-------- Data extract --------
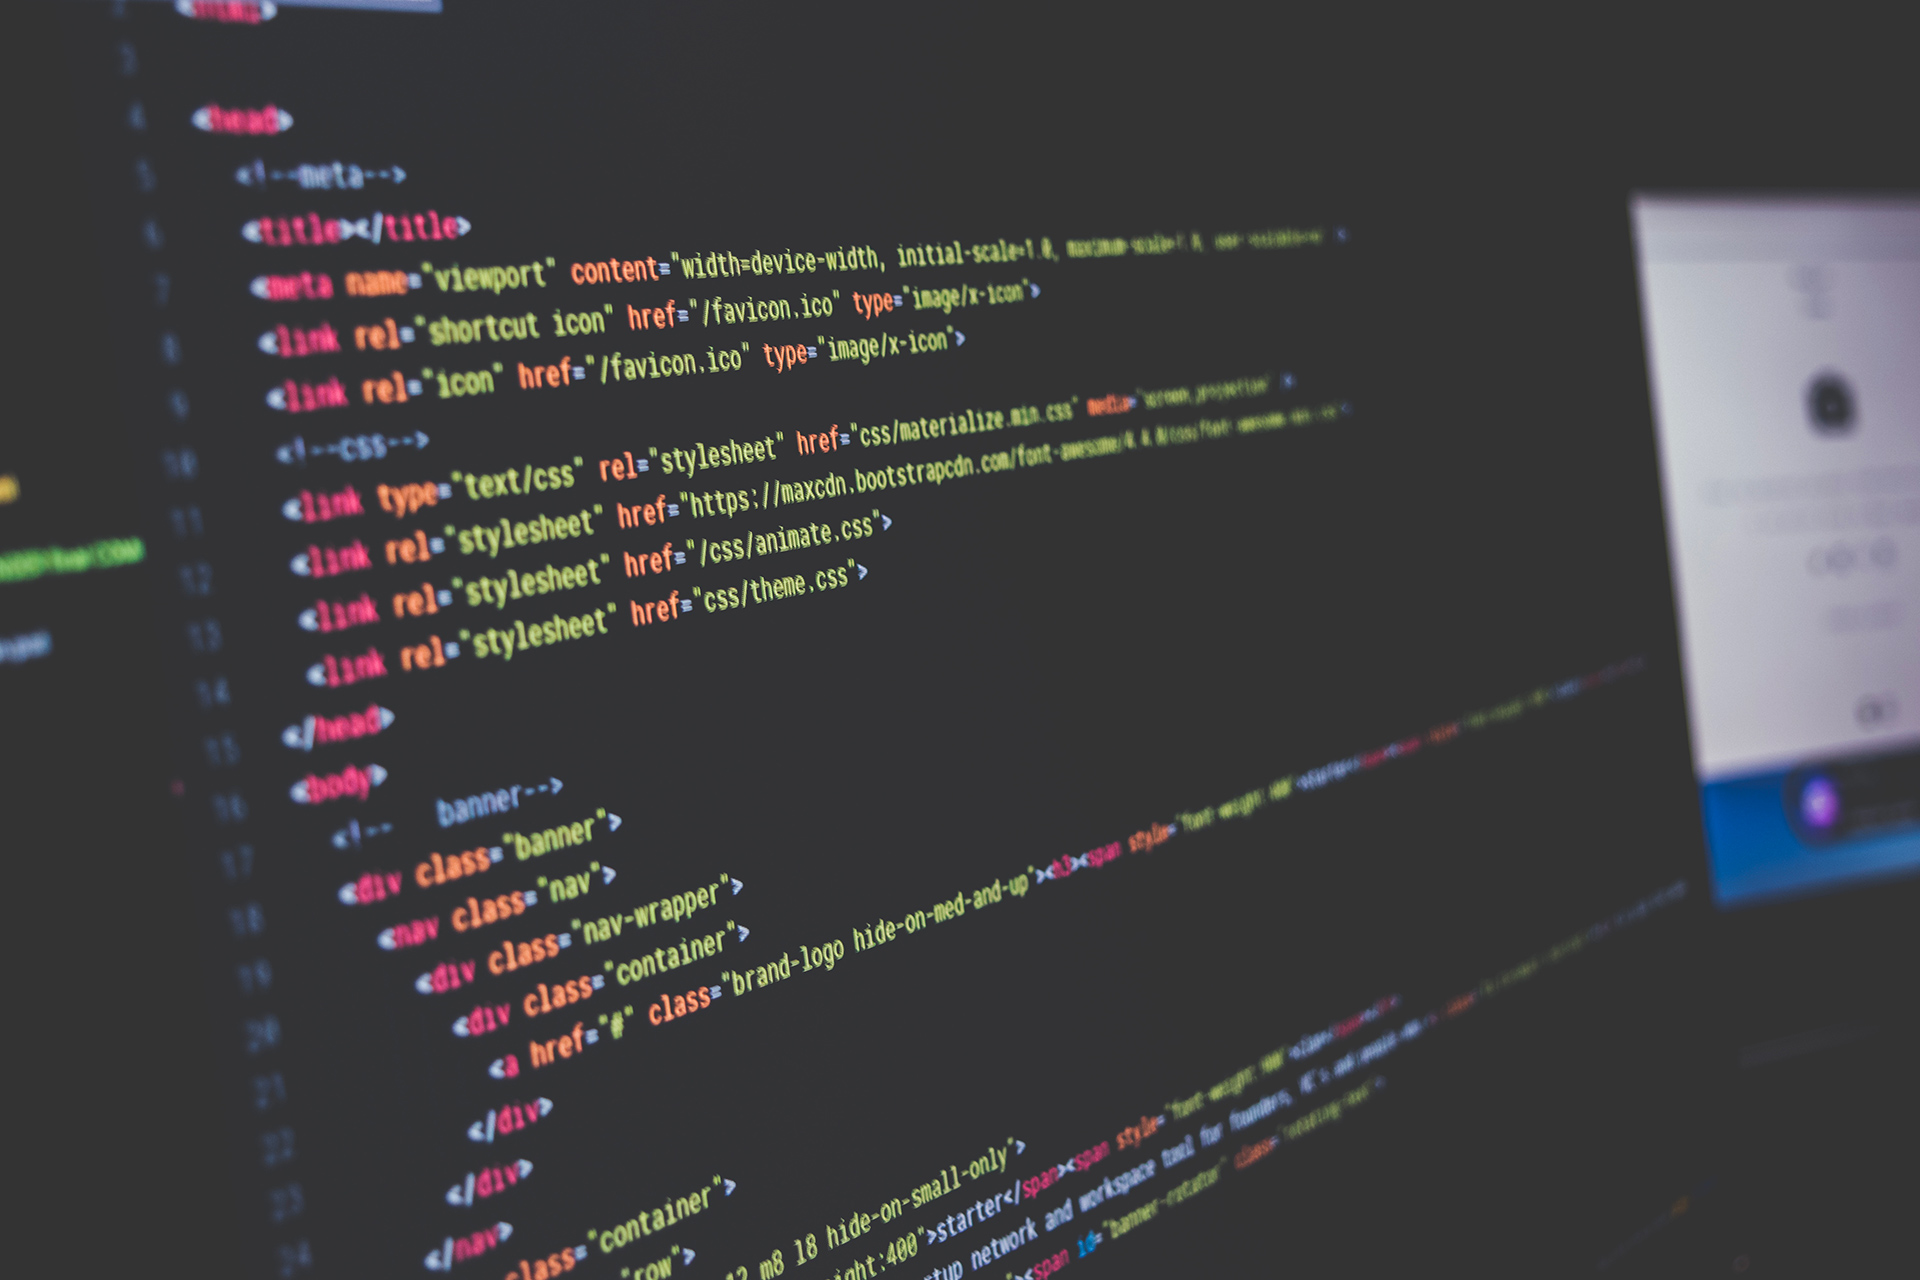 Le code html
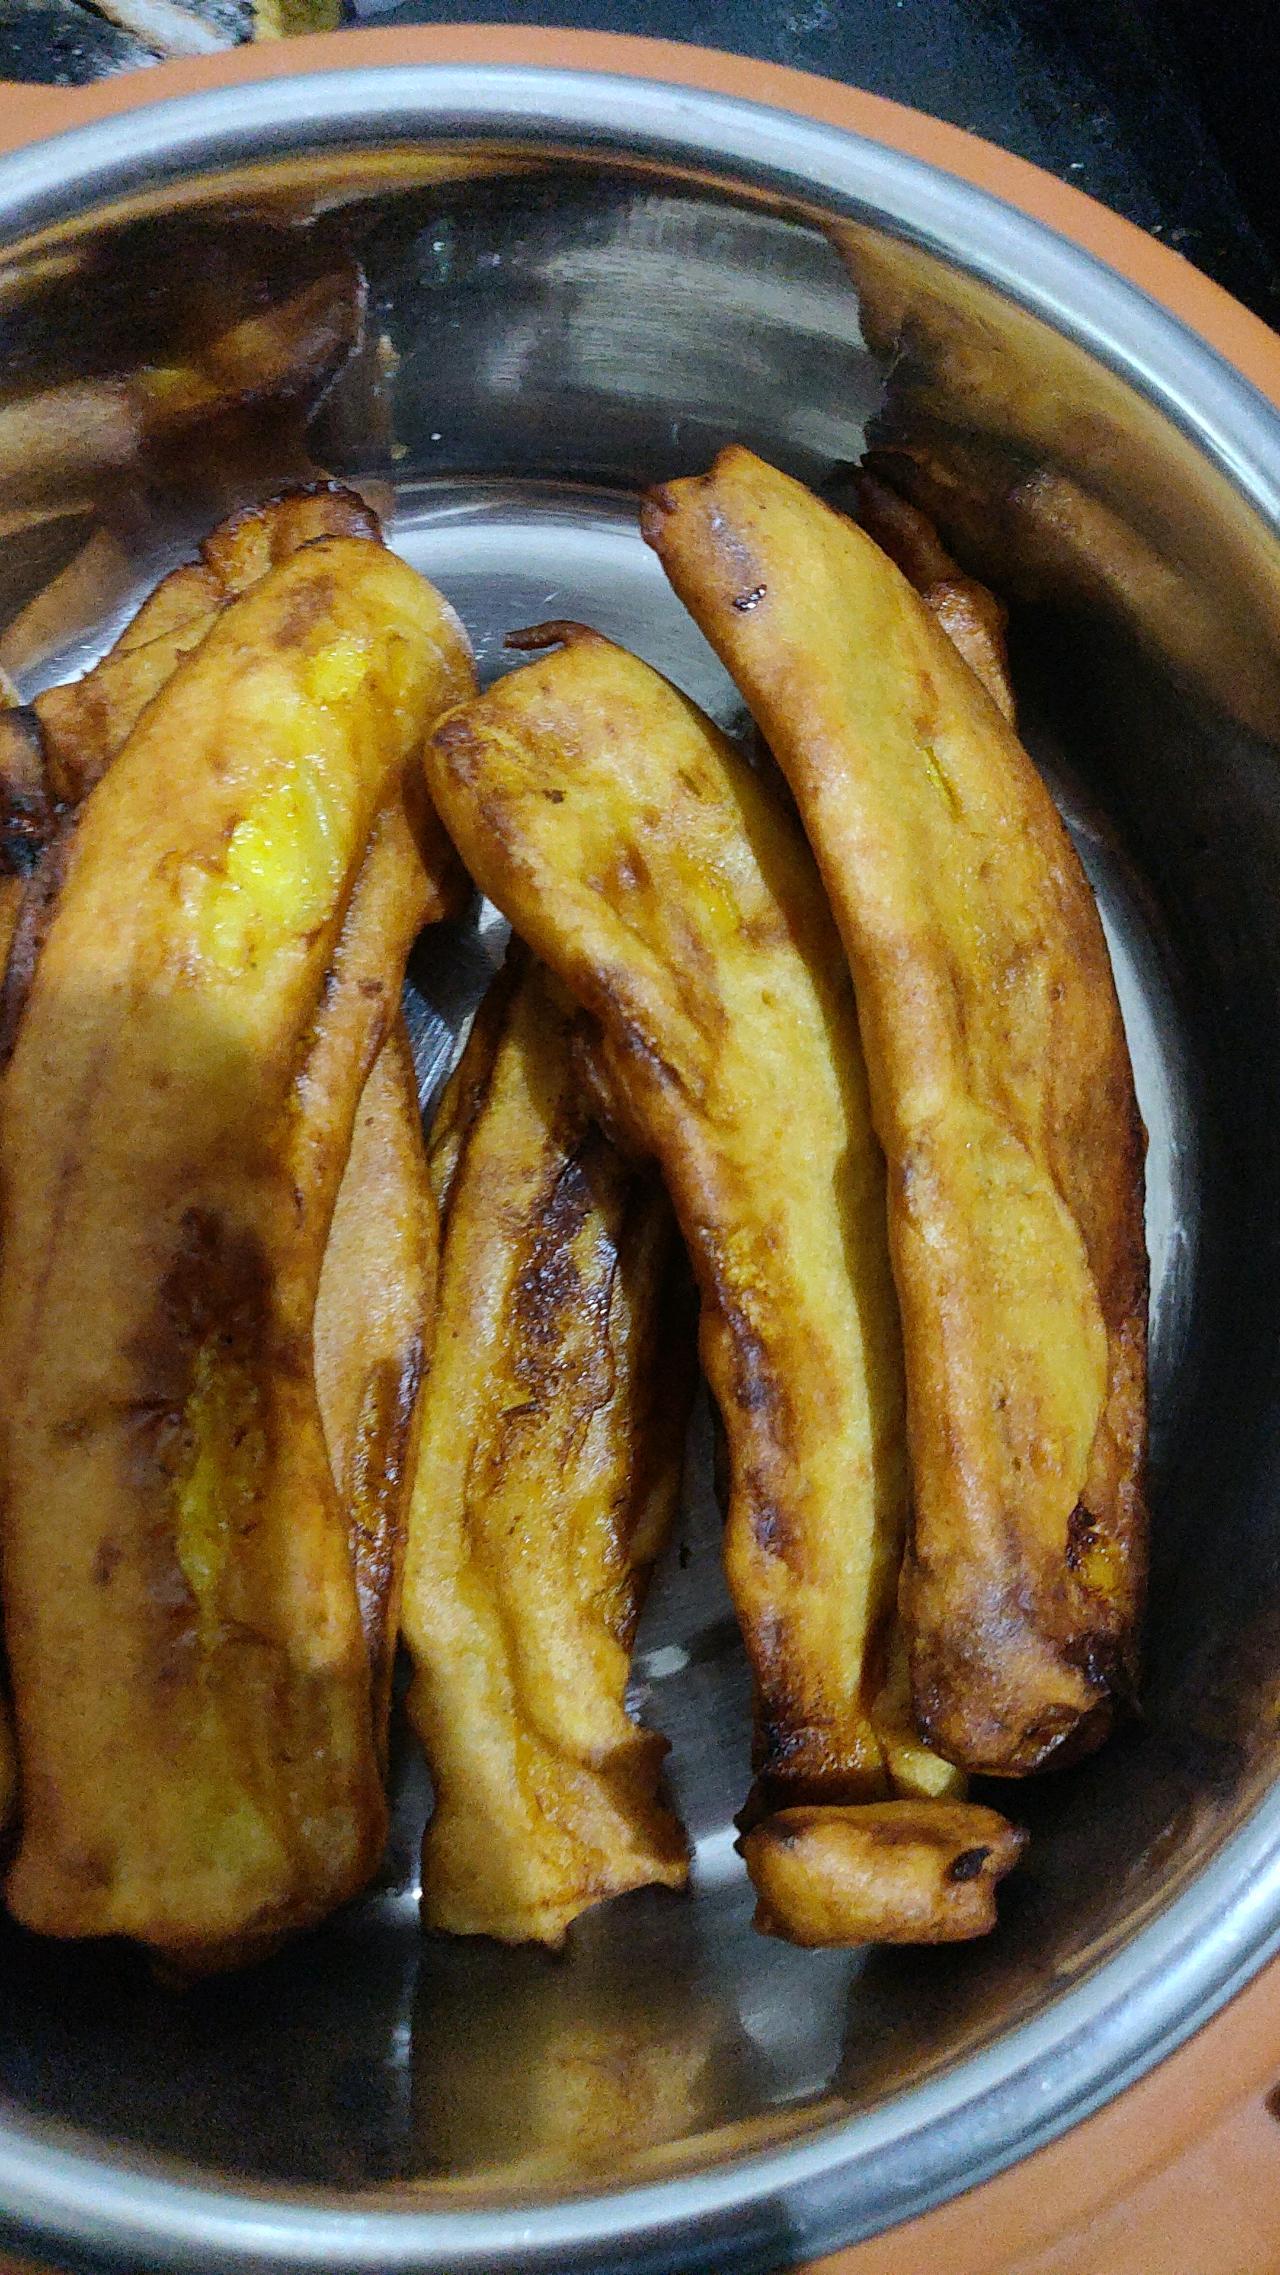 #fried bananas ❤️
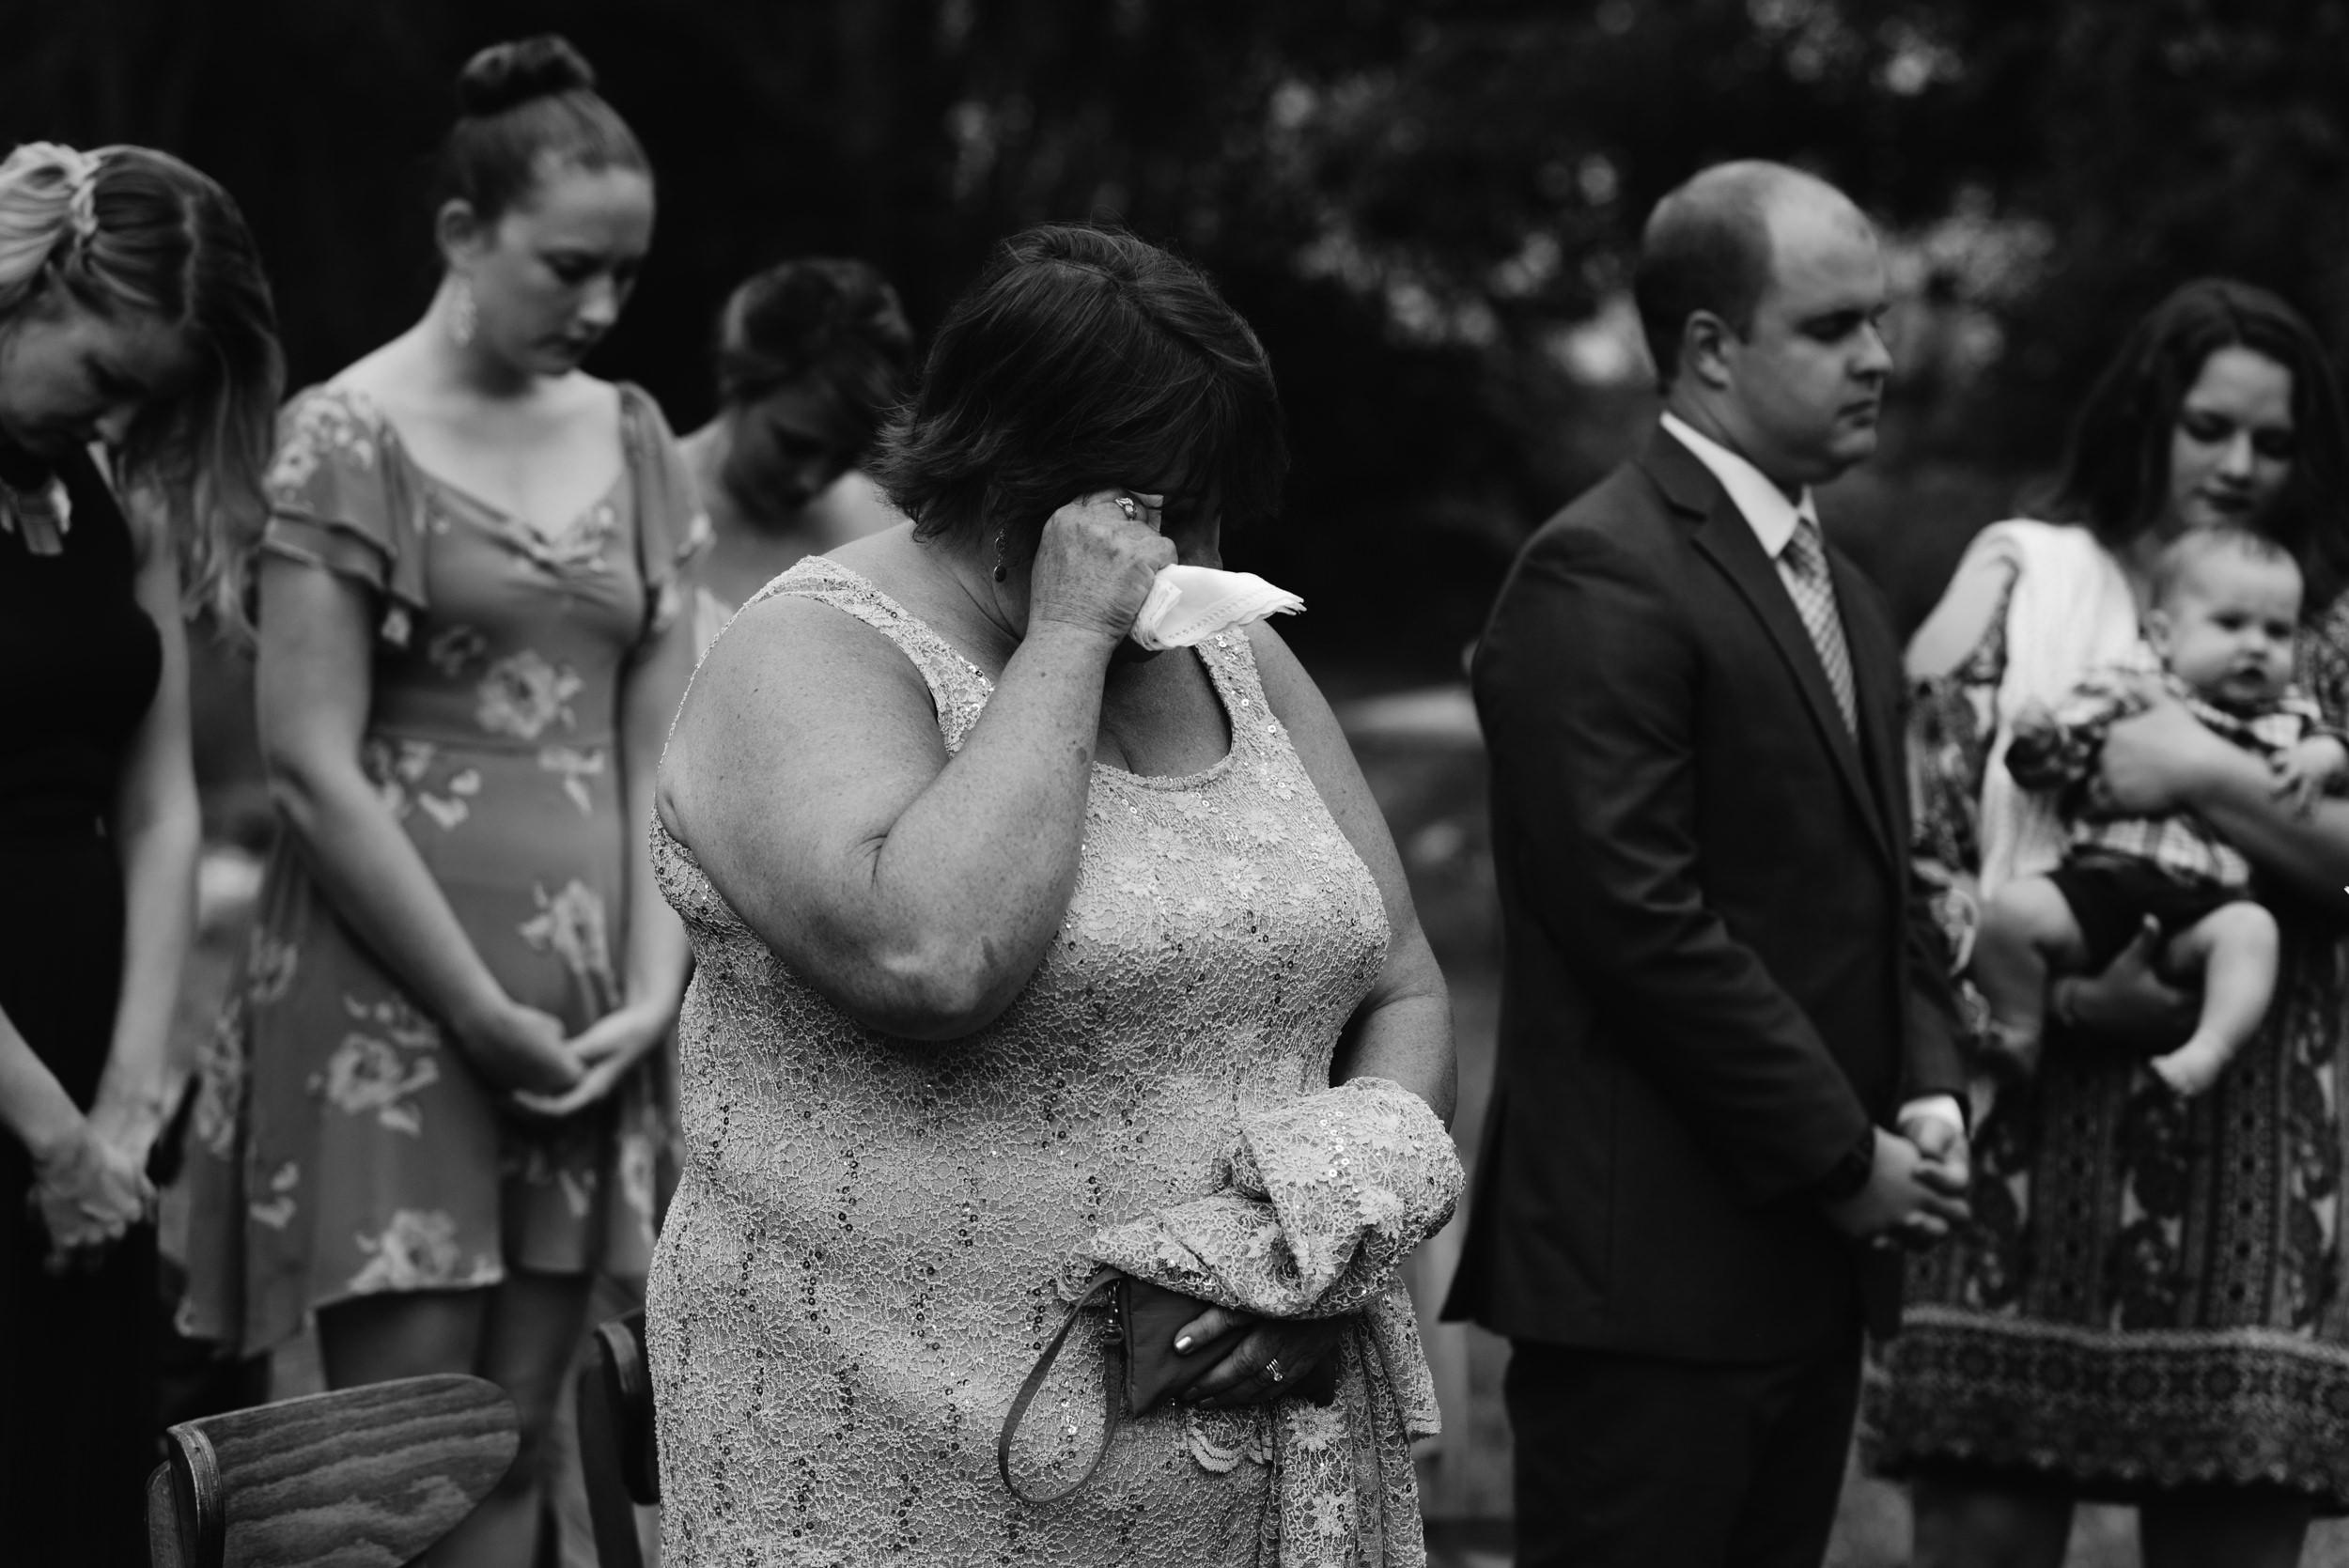 Wedding ceremony at Three Leaf Farm. Boulder elopement and wedding photographer.
--------
A word-for-word copy of all the data, without pictures, is the expected output.

▶ **Reply**:
 Le code html
 #fried bananas ❤️
 Wedding ceremony at Three Leaf Farm. Boulder elopement and wedding photographer.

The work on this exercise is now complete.